=== Begin Enclosure ===
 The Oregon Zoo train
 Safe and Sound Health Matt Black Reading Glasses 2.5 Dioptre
=== End Enclosure ===
=== Begin Enclosure ===
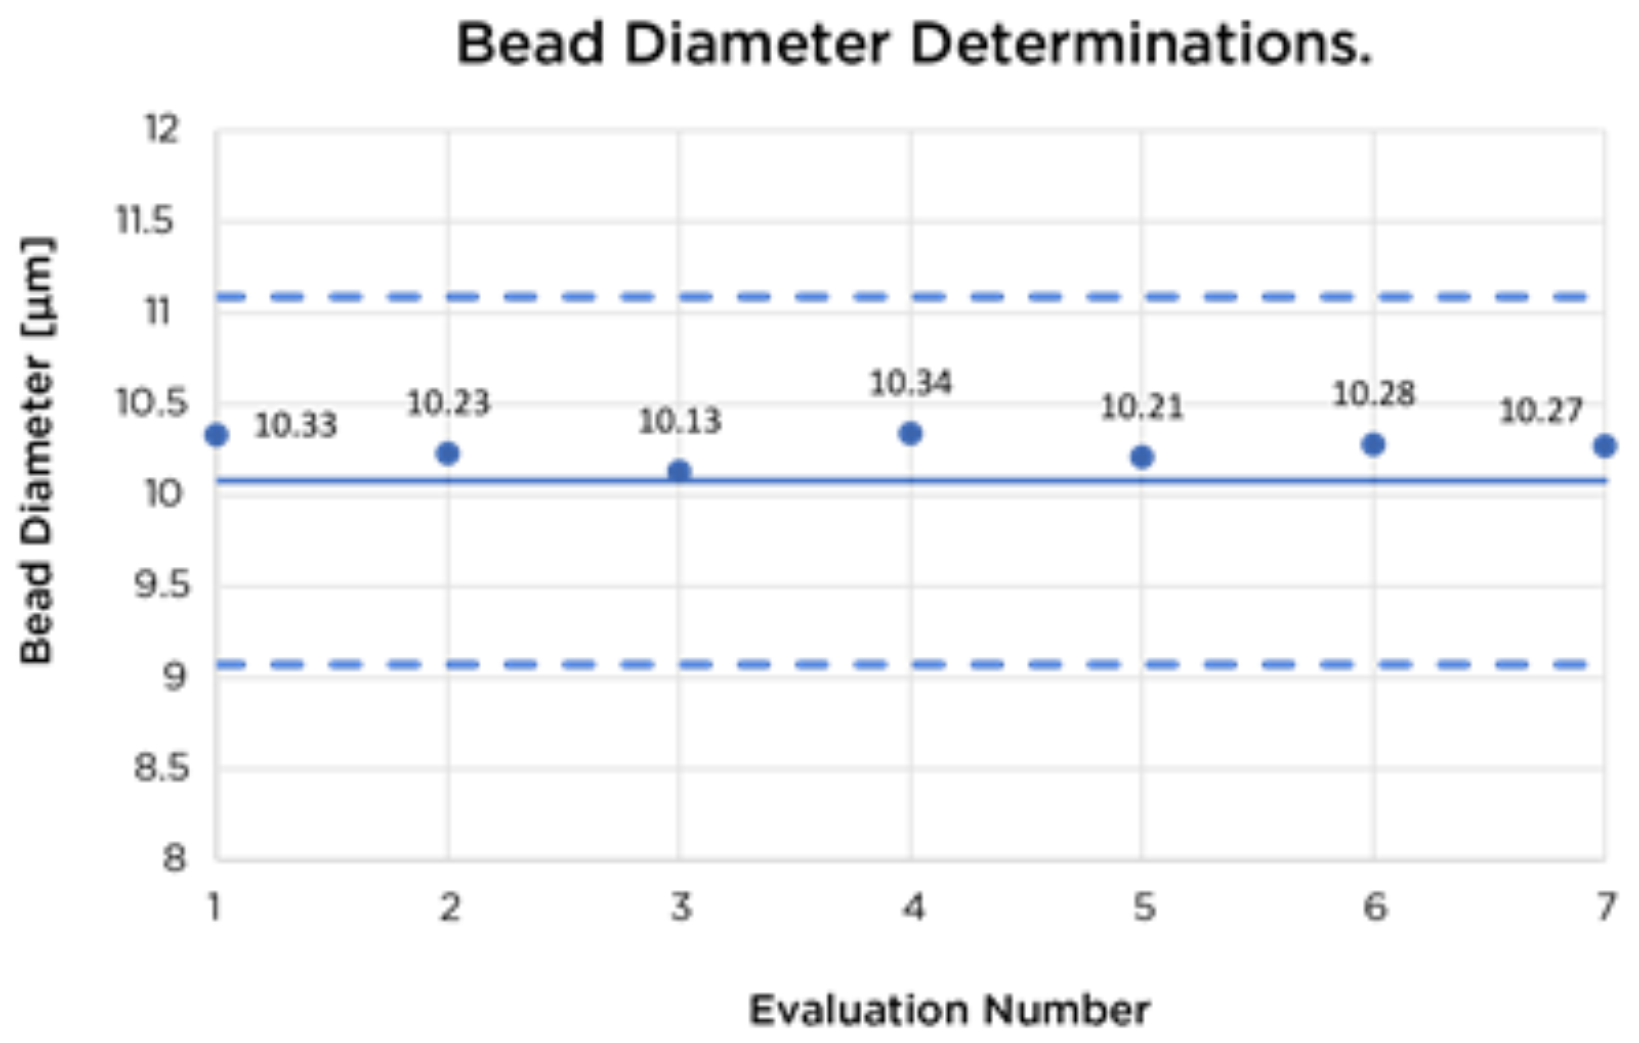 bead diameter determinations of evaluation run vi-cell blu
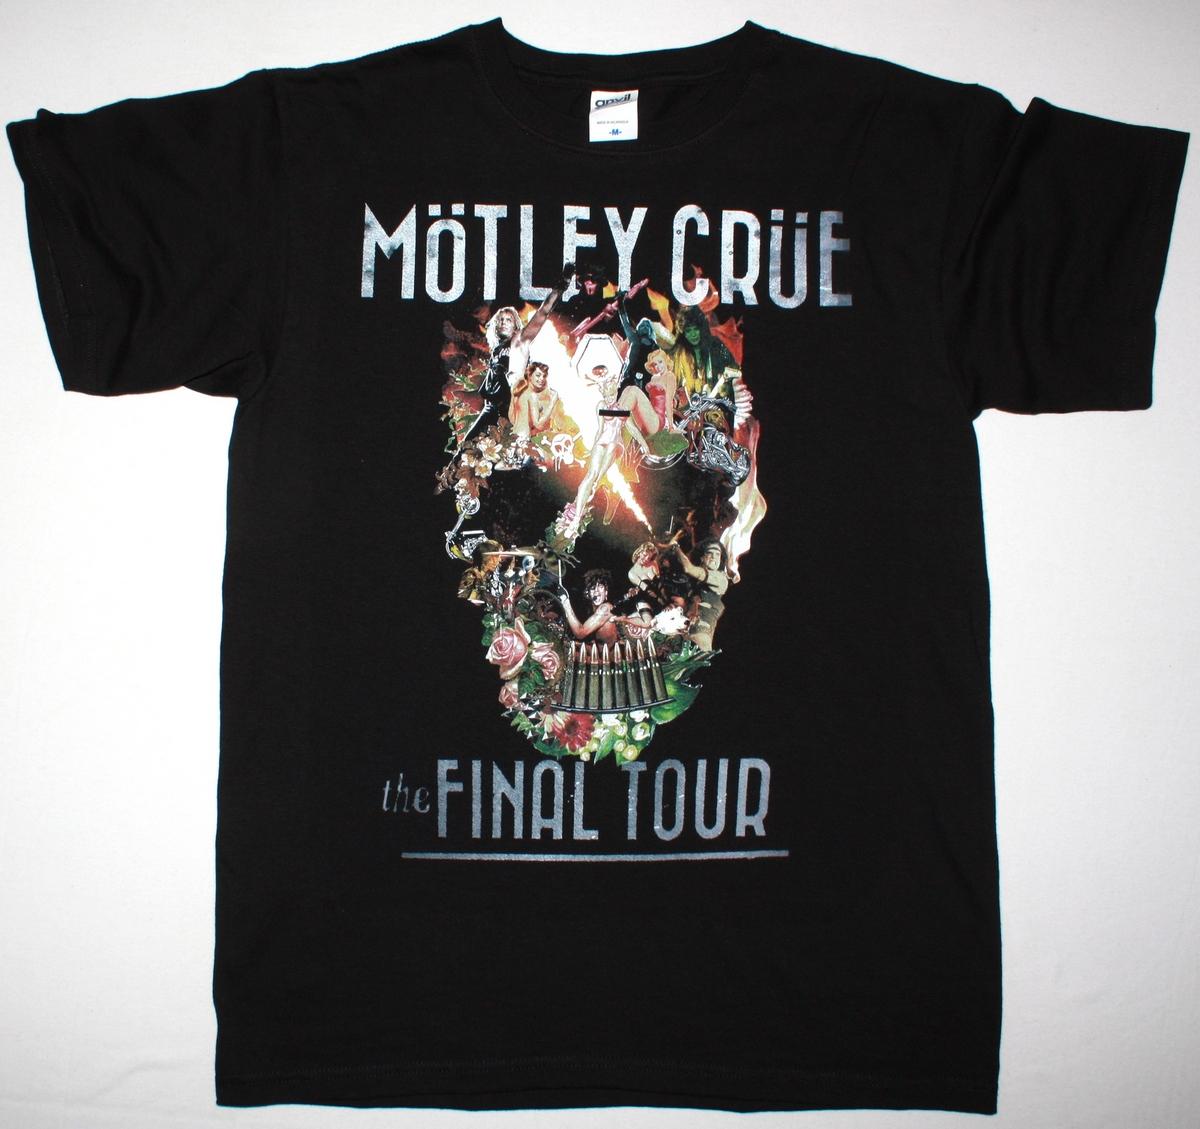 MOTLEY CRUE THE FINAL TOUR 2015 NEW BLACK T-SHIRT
=== End Enclosure ===
Copy exactly the material above from the line with "bead diameter determinations" to the line with "MOTLEY CRUE THE", ends included, and nothing else. Leave out any picture.

**Answer to this exercise**
 bead diameter determinations of evaluation run vi-cell blu
 MOTLEY CRUE THE FINAL TOUR 2015 NEW BLACK T-SHIRT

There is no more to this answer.